Friday, February 12, 2021
An Open Letter About/To Senator Marco Rubio on the Eve of the Senate Trial Verdict
In 2016, I was a proud supporter of Senator Marco Rubio’s campaign for the Republican nomination for President. I put a Rubio sign in my front yard. I blogged about my support for Rubio. I encouraged people I knew to turn out for Rubio at the Minnesota caucuses. I attended the Minnesota caucuses, where my precinct voted overwhelmingly for Rubio. Although Donald Trump carried primaries nearly everywhere else that day, the good people of Minnesota stood for principle and character, giving the strong win to Marco Rubio.
In 1980, I was a delegate to the Republican National Convention, as part of the Montana delegation that put Ronald Reagan over the top for the nomination. In 2016, I thought I saw in Marco Rubio another powerful leader of principle and character. Rubio integrated conservative values with equal opportunity. Rubio spoke openly of his Christian faith and how it provided moral guidance to his political role. He saw faith and people of faith as playing a key role in promoting the common good for people of all faiths and beliefs. I saw him as offering us the best of a person of deep faith and positive spirit in seeking political office.
After the tragedy of Trump’s nomination and then the start of the long four-year downward spiral of the Trump presidency, Rubio’s moral standing appeared to falter, not by words or action but too often by silence. From time to time, Rubio would return to his first values and separate himself from this or that of the worst of Trump’s outrages. Indeed, I often defended Rubio to others who were dismayed by the Trump perversion of the conservative movement.
No more.
Barely a month ago, we watched a defeated president call for his extremist followers — the White Nationalists and conspiracy theory crazies that Trump had welcomed for four years — to join him at what he promised would be a “wild” rally on January 6 to overturn the election results. Once again drawing on his repertoire of violent imagery, Trump enraged the crowd and then sent his crazed mob down Pennsylvania Avenue to the Capitol. Repeating word-for-word what Trump had told them, the mob chanted Trump’s slogans and lies as they attacked the citadel of democracy. We watched the Trump mob beat police officers with Trump flags.
When Trump’s long-delayed response came hours later, he said of these domestic terrorists who were acting in his name, “We love you. You’re very special.”
Documenting history is a moral obligation if we are ever to learn from mistakes and aspire to something better. Over the past few days, the impeachment managers have done exactly that. As graphic and disturbing as was the video and documentary evidence, we as citizens were rightly called to bear witness along with the Senate to Trump’s inflammatory words and to the Trump mob attack on the Capitol.
Then we learn what Marco Rubio thinks about this. He branded the whole thing as “stupid.” To be sure, he said that Trump bore responsibility for what happened. But he nonetheless said that he wanted to end it as soon as possible and, indeed, even before any evidence was presented. And Rubio promised to join most of his fellow Republicans in the Senate in giving Trump a pass for the most dangerous attack on American democracy in more than a century. In fairness, however, Rubio said this before we saw the full story in living color.

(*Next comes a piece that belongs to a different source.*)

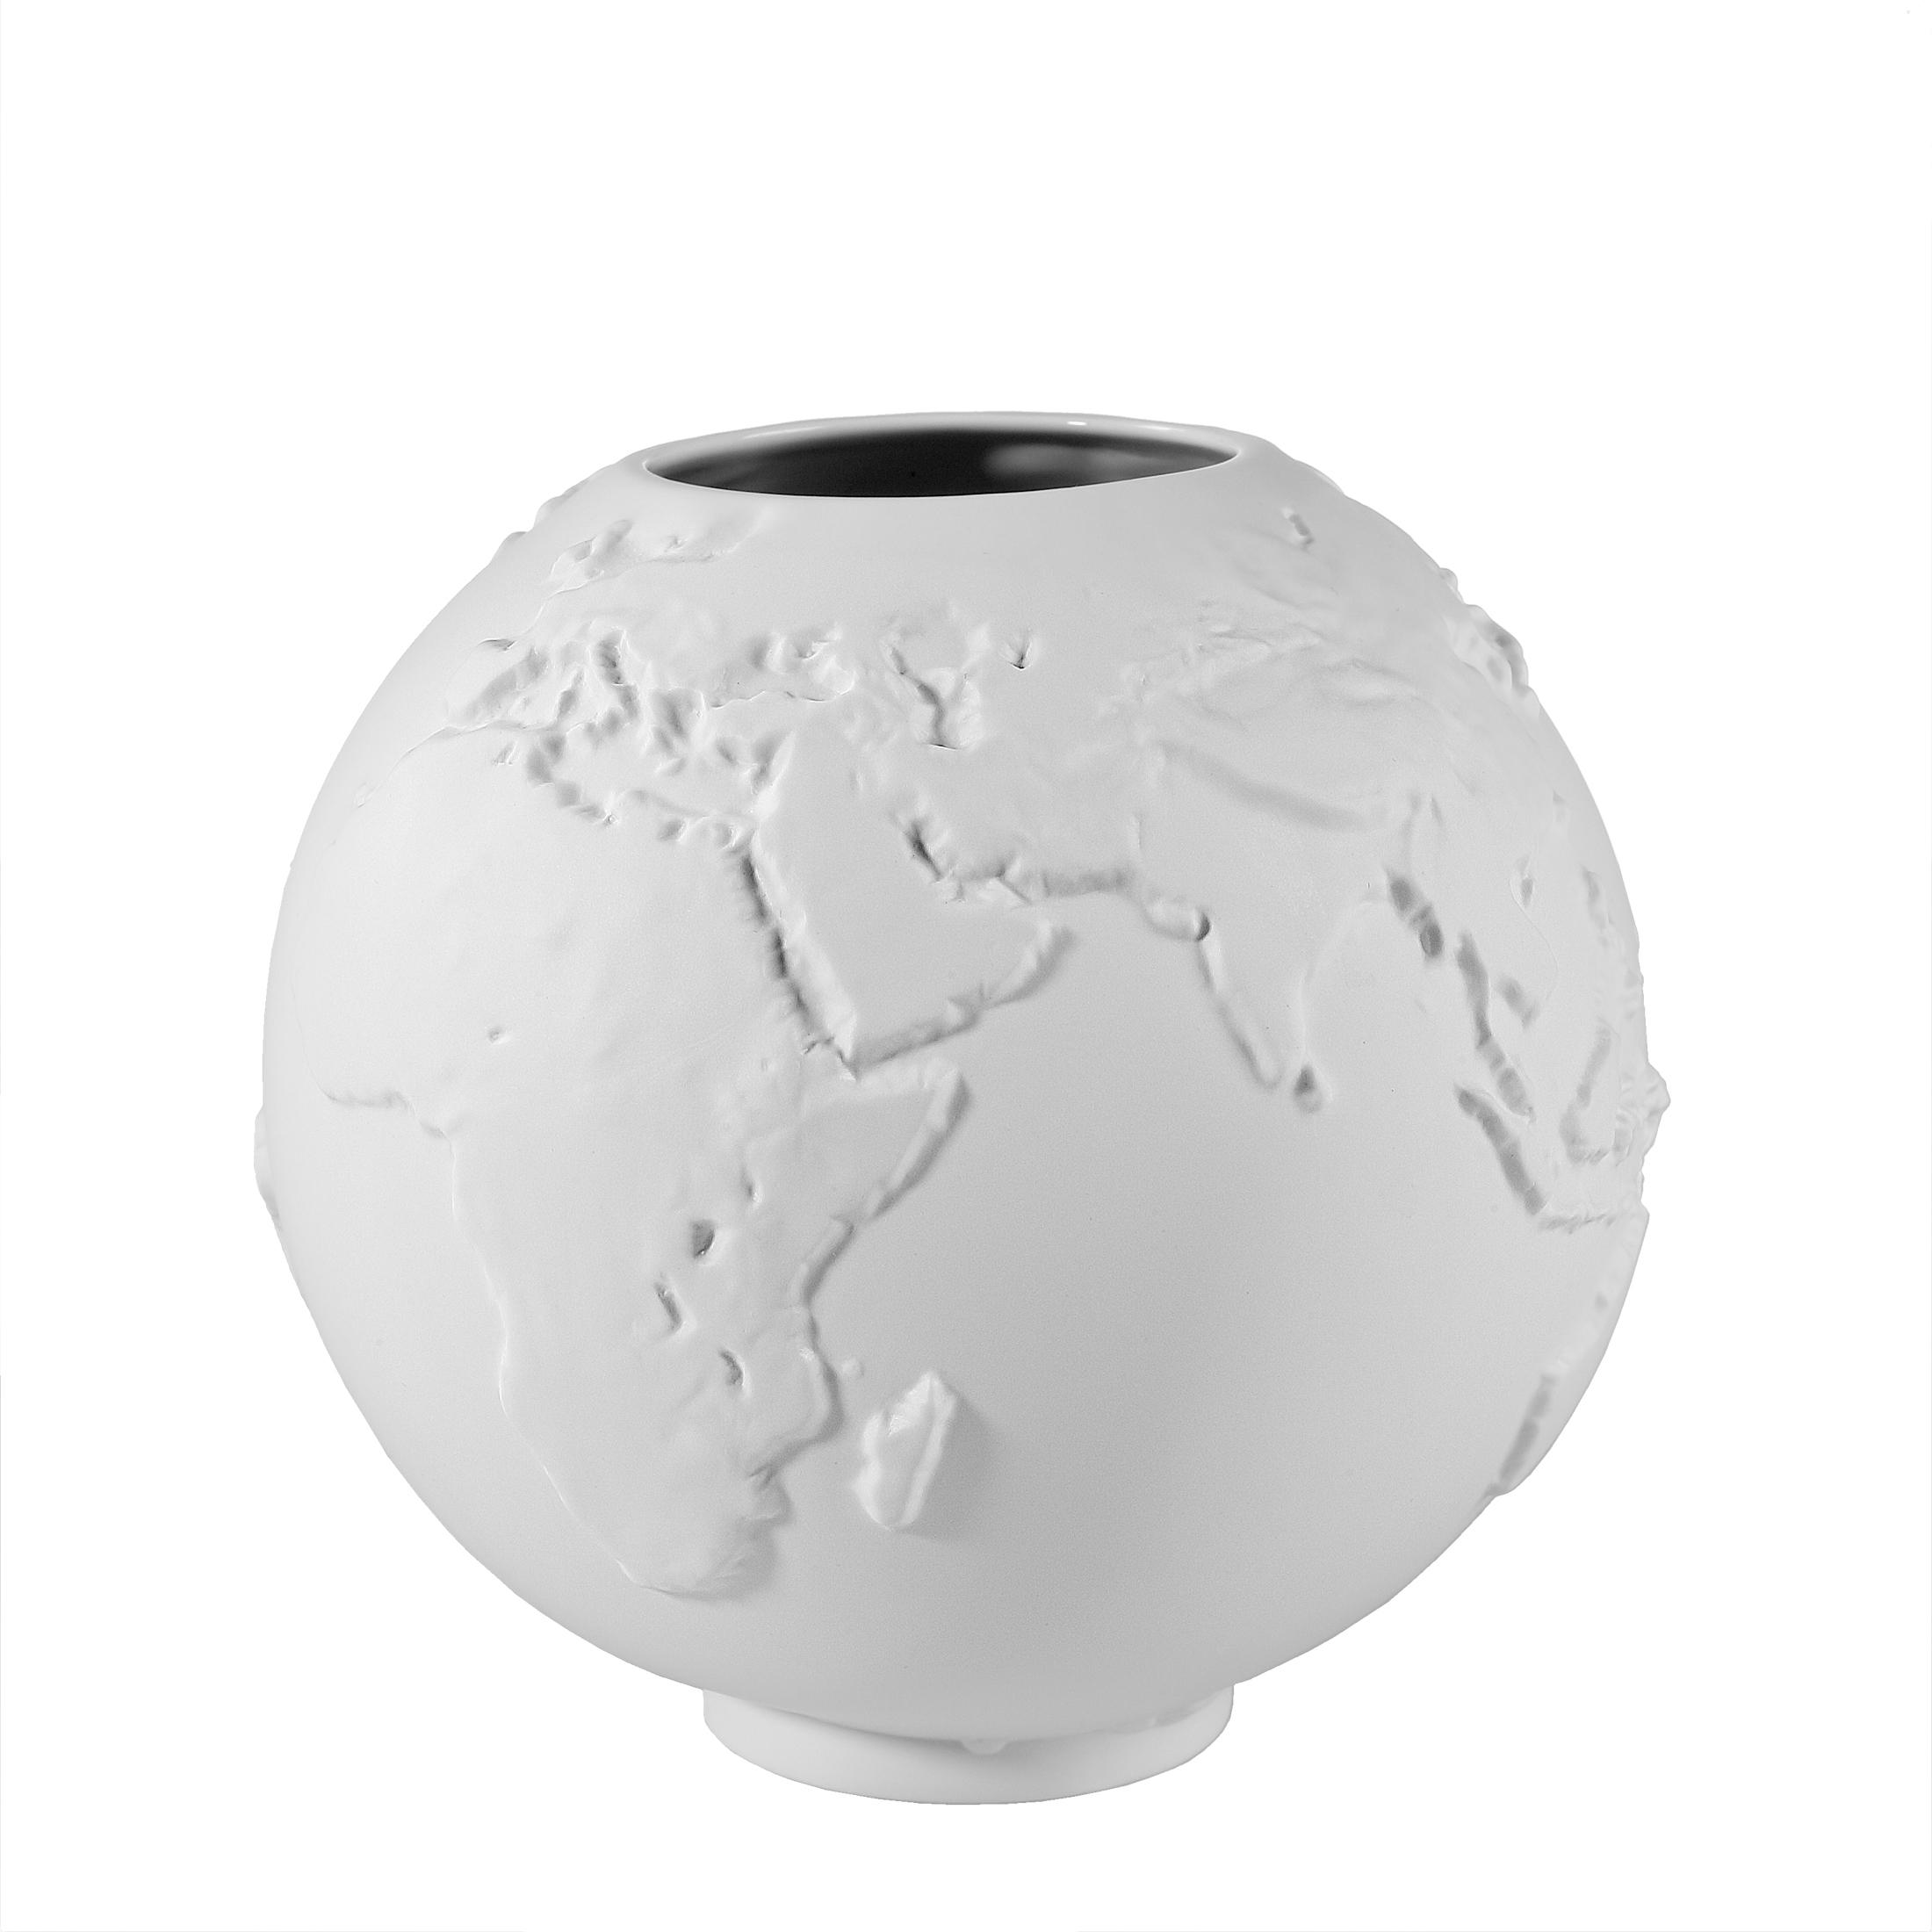 Goebel Kaiser Porzellan Globe 'KP P VA Globe 17' 2021 !

I pray that Marco Rubio will think carefully about what he now has seen. I hope that he did not turn his eyes away, but watched carefully and thoughtfully. I urge him to draw on the conscience that he spoke of during his 2016 presidential run. Please consider, Senator Rubio, that you may be on the wrong side in dismissing the infamous events of 1/6 as something to rush past “at the first chance” to “end” this. Do not allow others behind the scenes to sweep away the broken glass, while you fail to demand that justice be rendered against the president who shattered the windows of American democracy.
Now is the time. Later recognition that this opportunity was lost is simply too late. It’ll be too late for history, which will not look kindly on those who hastened to move past this outrageous episode. It’ll be too late for our country which needs a new beginning. It’ll be too late for the Republican Party which has tolerated a faction that accepts political violence and desperately needs to move on to a different and more uplifting path.
Please surprise me, Senator Rubio. Please let us see the same man of principle, character, and conscience that inspired me in 2016. Prayerfully and regretfully, but firmly, vote to convict Trump. Let the truth set you free.